A proposta do Banco Central de implementar um Sistema Financeiro aberto, o chamado Open Banking, deve resultar em maior competição entre os players do mercado, mas com total segurança ao investidor, avalia Leonardo Cotta Pereira.

Sócio de Corporate & Finance do SiqueiraCastro Advogados, ele é graduado direito pela Universidade Federal do Rio de Janeiro, especialista em direito constitucional pela Universidade do Estado do Rio de Janeiro e mestre em direito contratual pela Université Montpellier I, da França. 

No fim do mês pas semana passada, o Banco Central colocou em consulta pública três propostas de normativos sobre diferentes assuntos, com o objetivo de impulsionar a competição no sistema financeiro, como vem fazendo há dois anos dentro da Agenda BC#. O regulador vai receber sugestões do público até 31 de janeiro do ano que vem e analisá-las antes de apresentar um texto final. 
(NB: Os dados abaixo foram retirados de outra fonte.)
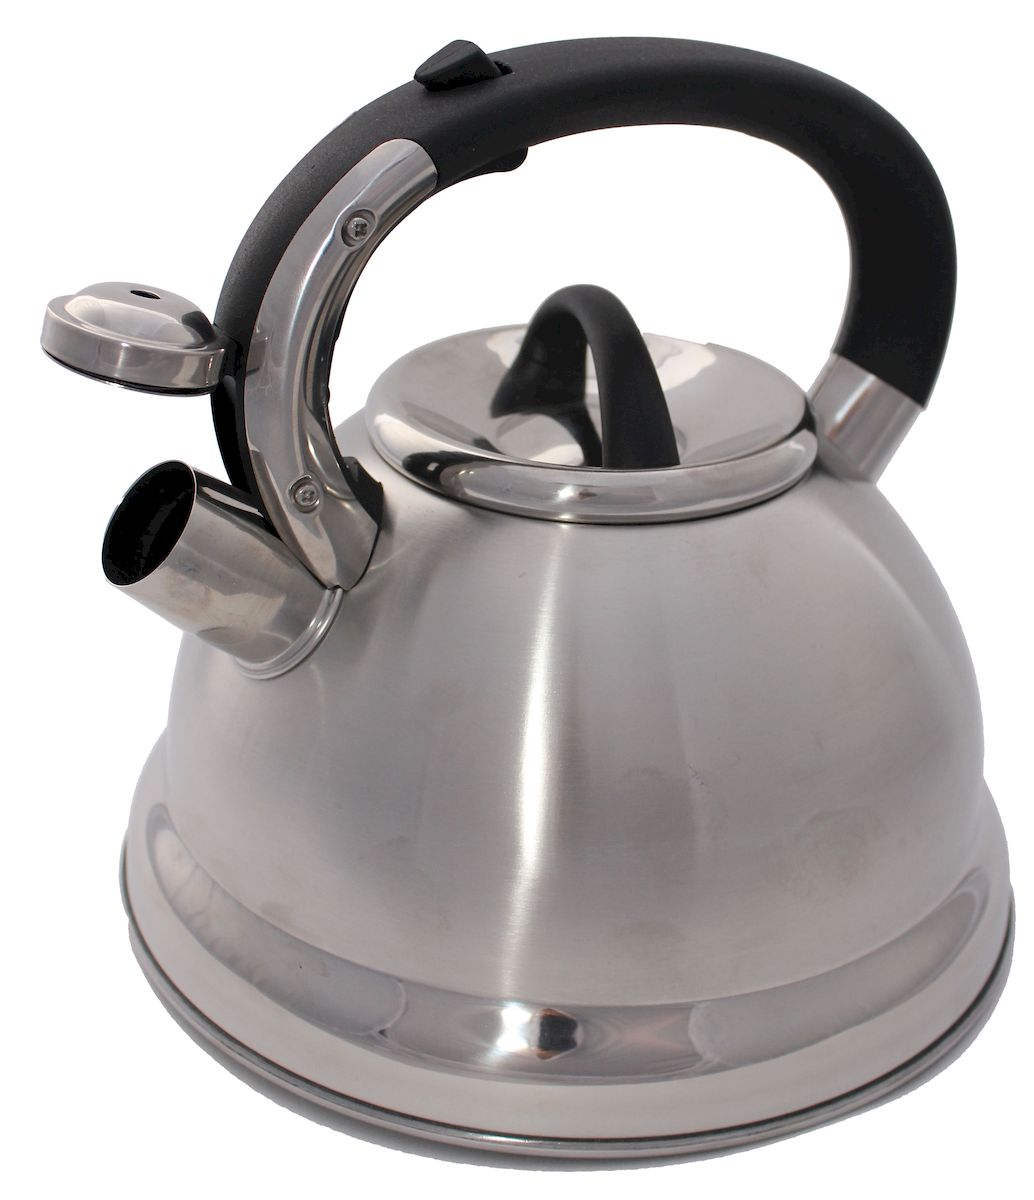 Чайник Hoffmann, со свистком, цвет: стальной, черный, 4,8 лW11000320Чайник Hoffmann выполнен из высококачественной нержавеющей стали, что делает его весьма гигиеничным и устойчивым к износу при длительном использовании. Носик чайника оснащен насадкой-свистком, что позволит вам контролировать процесс подогрева или кипячения воды. Фиксированная ручка, изготовленная из бакелита, оснащена механизмом открывания носика. Эстетичный и функциональный чайник будет оригинально смотреться в любом интерьере.Подходит для всех типов плит, включая индукционные. Можно мыть в посудомоечной машине.

A primeira consulta, diz respeito a "escrituração de duplicata escritural, sobre o sistema eletrônico de escrituração gerido por entidade autorizada a exercer essa atividade e sobre o registro e a negociação desses títulos de crédito escriturais". Outro texto proposto pelo BC visa implementar o Sistema Financeiro Aberto (Open Banking), regulando o compartilhamento de dados dos usuários. A terceira proposta cria um sandbox regulatório e condições para a oferta de produtos neste ambiente.  

Leia abaixo a entrevista de Leonardo Cotta Pereira ao LexLatin:

Como o sr. vê as propostas colocadas em consulta pública pelo Banco Central sobre Open Banking?

Entendemos como uma medida positiva, com uma consequente abertura do nosso mercado a um sistema de tecnologia avançado e ampliação da oferta de produtos e serviços financeiros em geral. Essa abertura acontece pela implementação de um ecossistema tecnológico de APIs abertas, com maior intercâmbio de dados financeiros aos consumidores e possibilidade de estabelecimento de plataformas de ampliação de oferta de investimentos, que, com certeza, gozarão de melhores taxas ao investidor final.

Neste sentido, cumpre destacar que a proposta de Open Banking do BACEN define que os objetivos principais da medida são: (i) incentivar a inovação; (ii) promover a concorrência; (iii) aumentar a eficiência do Sistema Financeiro Nacional; e (iv) promover a inclusão financeira e os princípios norteadores, por sua vez, são: (i) transparência; (ii) segurança e privacidade de dados; (iii) qualidade dos dados; (iv) tratamento não discriminatório; e (v) interoperabilidade.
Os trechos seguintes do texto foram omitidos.